The appeal of J.H. is dismissed as moot.

APPEAL DISMISSED.

JENKINS, J., Dissents with Reasons.

. " 'Misdemeanor-grade delinquent act’ means any offense which if committed by an adult is other than a felony and includes the violation of an ordinance providing a penal sanction." La. Ch.C. art. 804(8). First-offense possession of marijuana is punishable by a fine of not more than $500, imprisonment in the parish jail for not more than six months, or both. See La. R.S. 40:966 E(l). Because the offender may not be sentenced to death or imprisonment at hard labor, the offense is a misdemeanor. See La. R.S. 14:2(4),(6).

. 338 So.2d 584 (La. 1976).

. Specifically, J.H. complains that he was subjected to a search of his person at the time the police officer was preparing to lawfully transport him to a truancy center. He correctly notes that being absent from school without justification is not a crime. He claims that his Fourth Amendment right to be secure in his person was violated because the officer had no probable cause to believe he had committed a crime at the time of the search. Cf. State in the Interest of R.D., 99-801 (La.App. 5 Cir. 11/30/99), 749 So.2d 802. See also D.O. v. State, 77 So.3d 787 (Fla. 3rd Dist.Ct.App.2011).

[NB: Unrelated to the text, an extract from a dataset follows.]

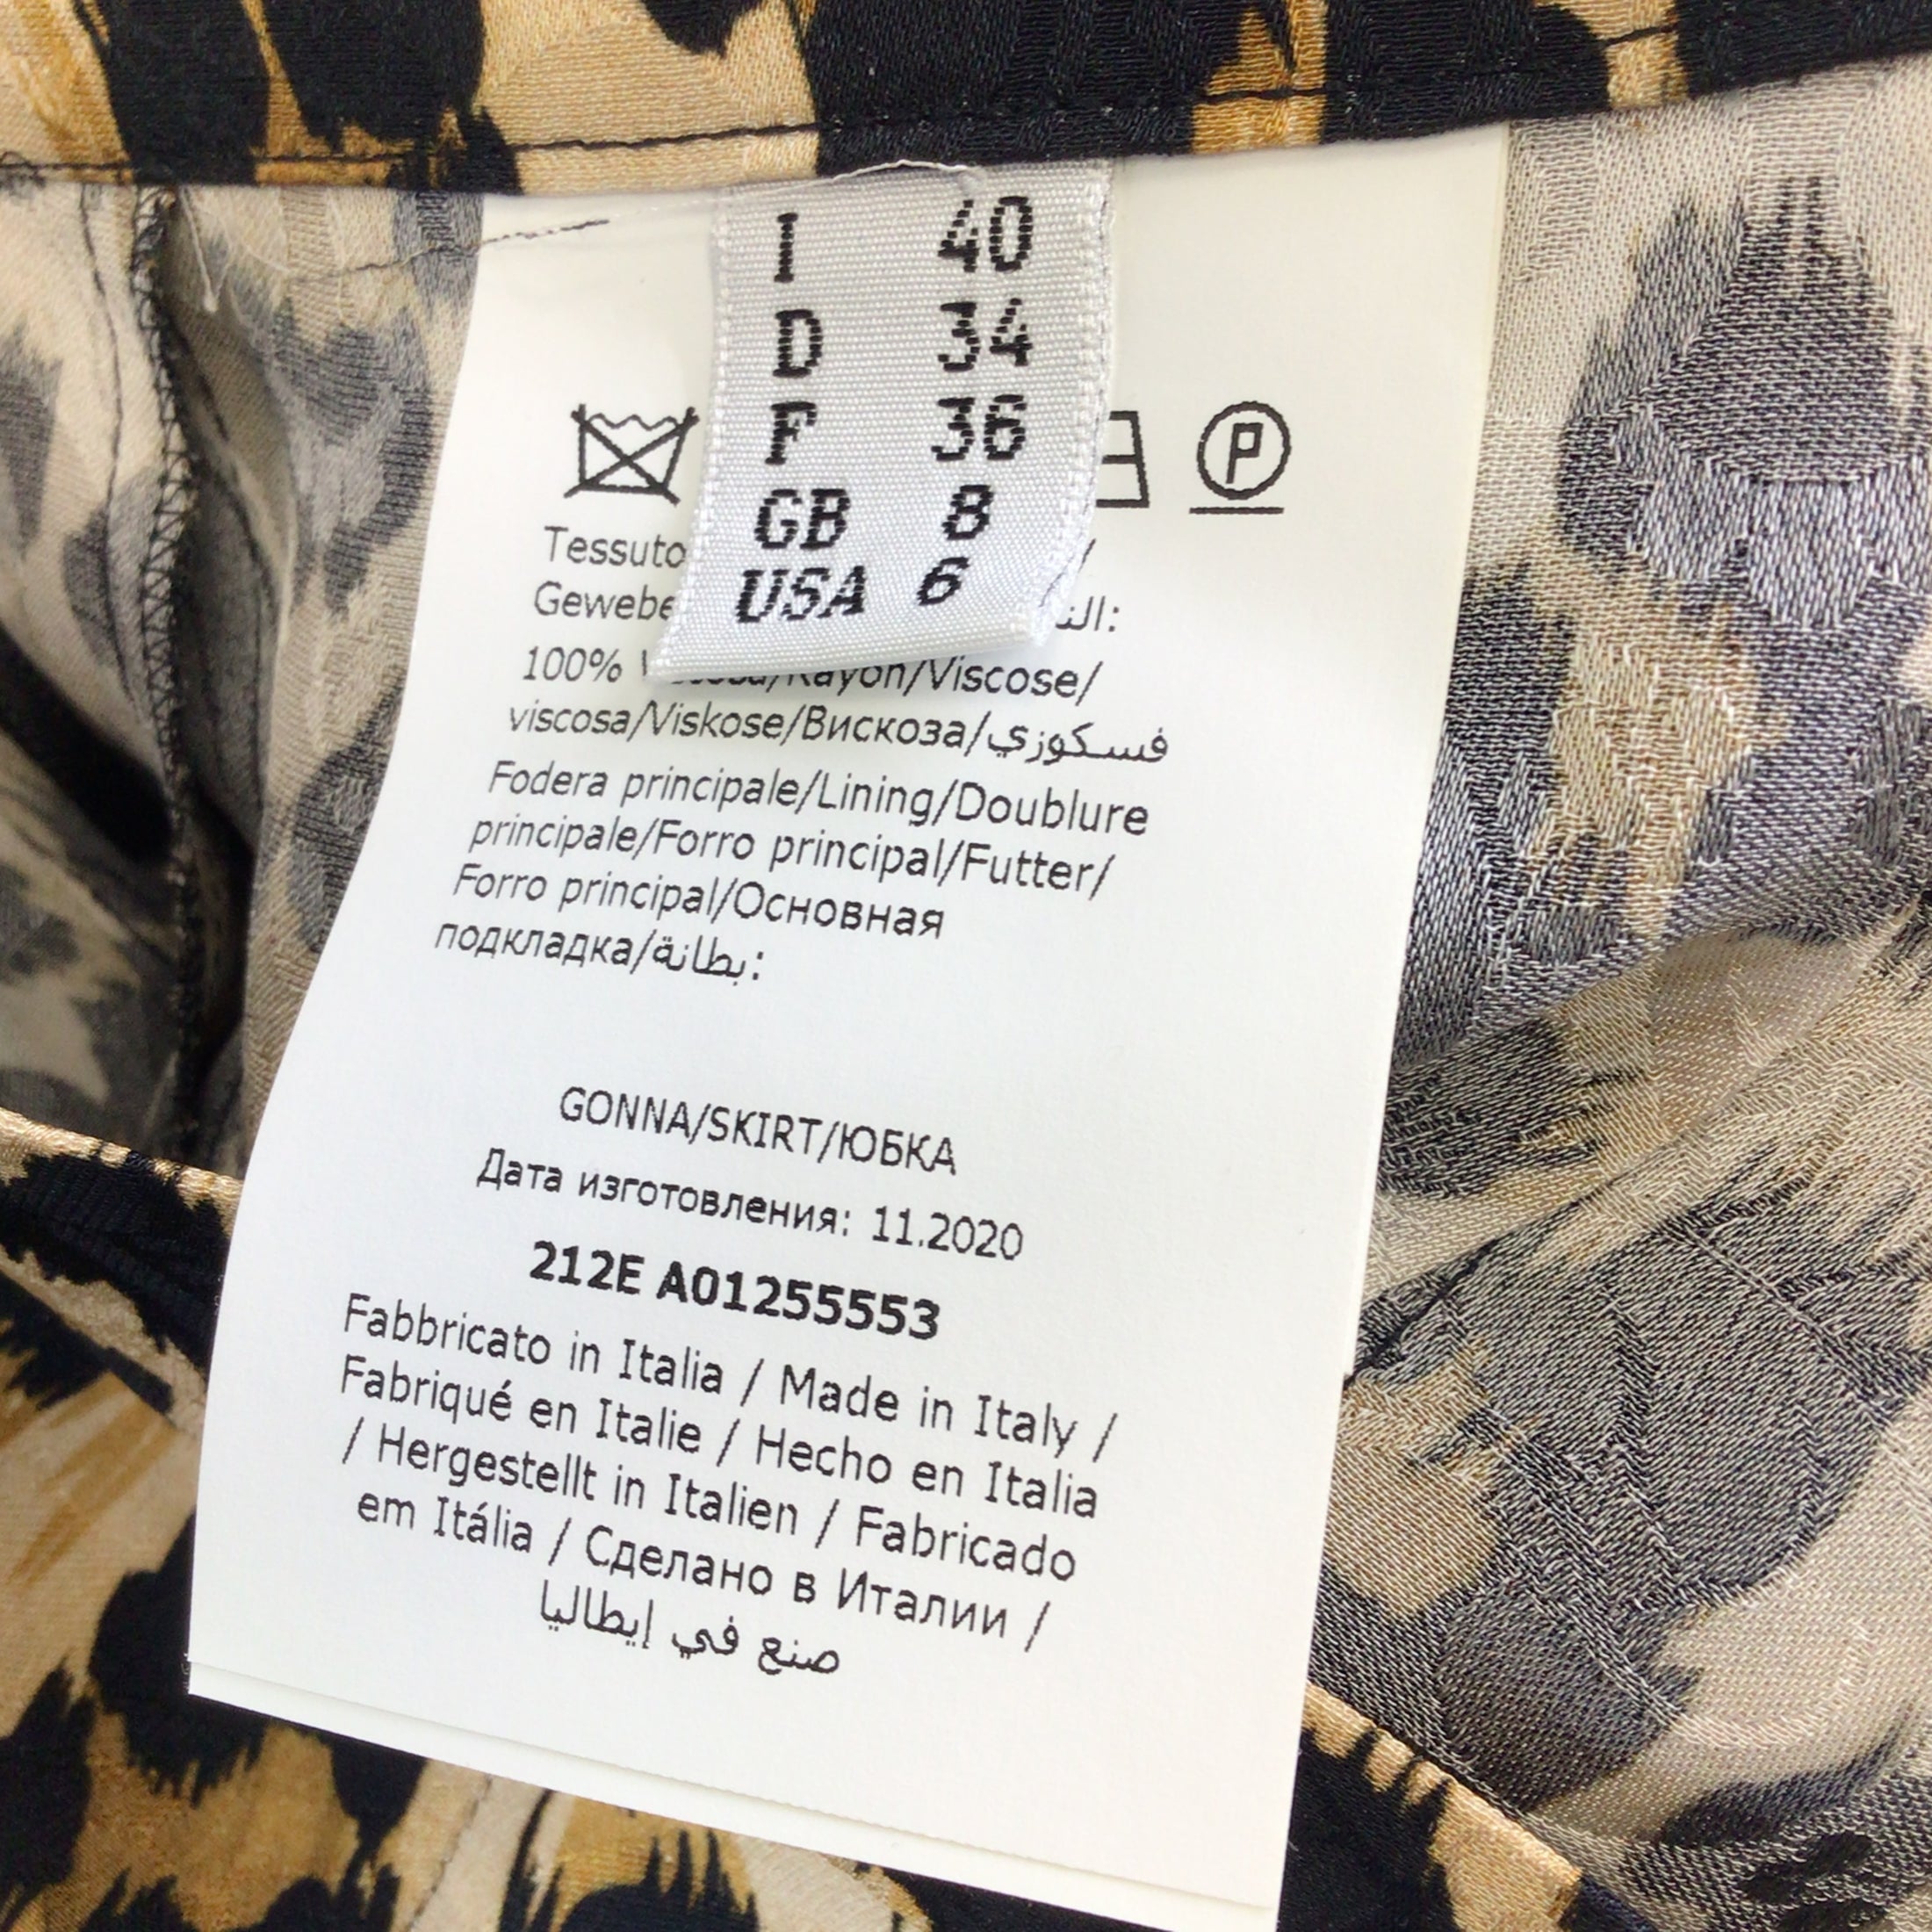 Moschino Tan / Black Leopard Printed Crepe Skirt

. In delinquency proceedings, a petition is the functional equivalent of an indictment or bill of information. See La. Ch.C. art. 845 A; La.C.Cr.P. art. 464. “The petition shall conclude with a request that the court adjudicate the child to be delinquent.” La. Ch.C. art. 845 D. A child may admit to the allegations of the petition, and after determining that there is a factual basis for adjudication, the trial judge may adjudicate the child delinquent. See La. Ch.C. art. 856 A(3). Thus, an admission is comparable to a plea of guilty (but without the morally pejorative connotation). See La.C.Cr.P. arts. 552(1), 556, 556.1.

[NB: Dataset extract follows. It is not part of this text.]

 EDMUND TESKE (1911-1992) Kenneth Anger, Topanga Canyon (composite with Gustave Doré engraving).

.In particular, J.H. argues that the juvenile-court judge both deferred the disposition and at the same time imposed the disposition. Cf., State in the Interest of Lucas, 543 So.2d 634, 635-636 (La.App. 1st Cir.1989).

. J.H. references Jacobs v. New York, 388 U.S. 431, 431-432, 87 S.Ct. 2098, 18 L.Ed.2d 1294 (1967) (Warren, C.J., dissenting). We express no opinion on whether a civil action under 42 U.S.C. § 1983 could be maintained on behalf of J.H.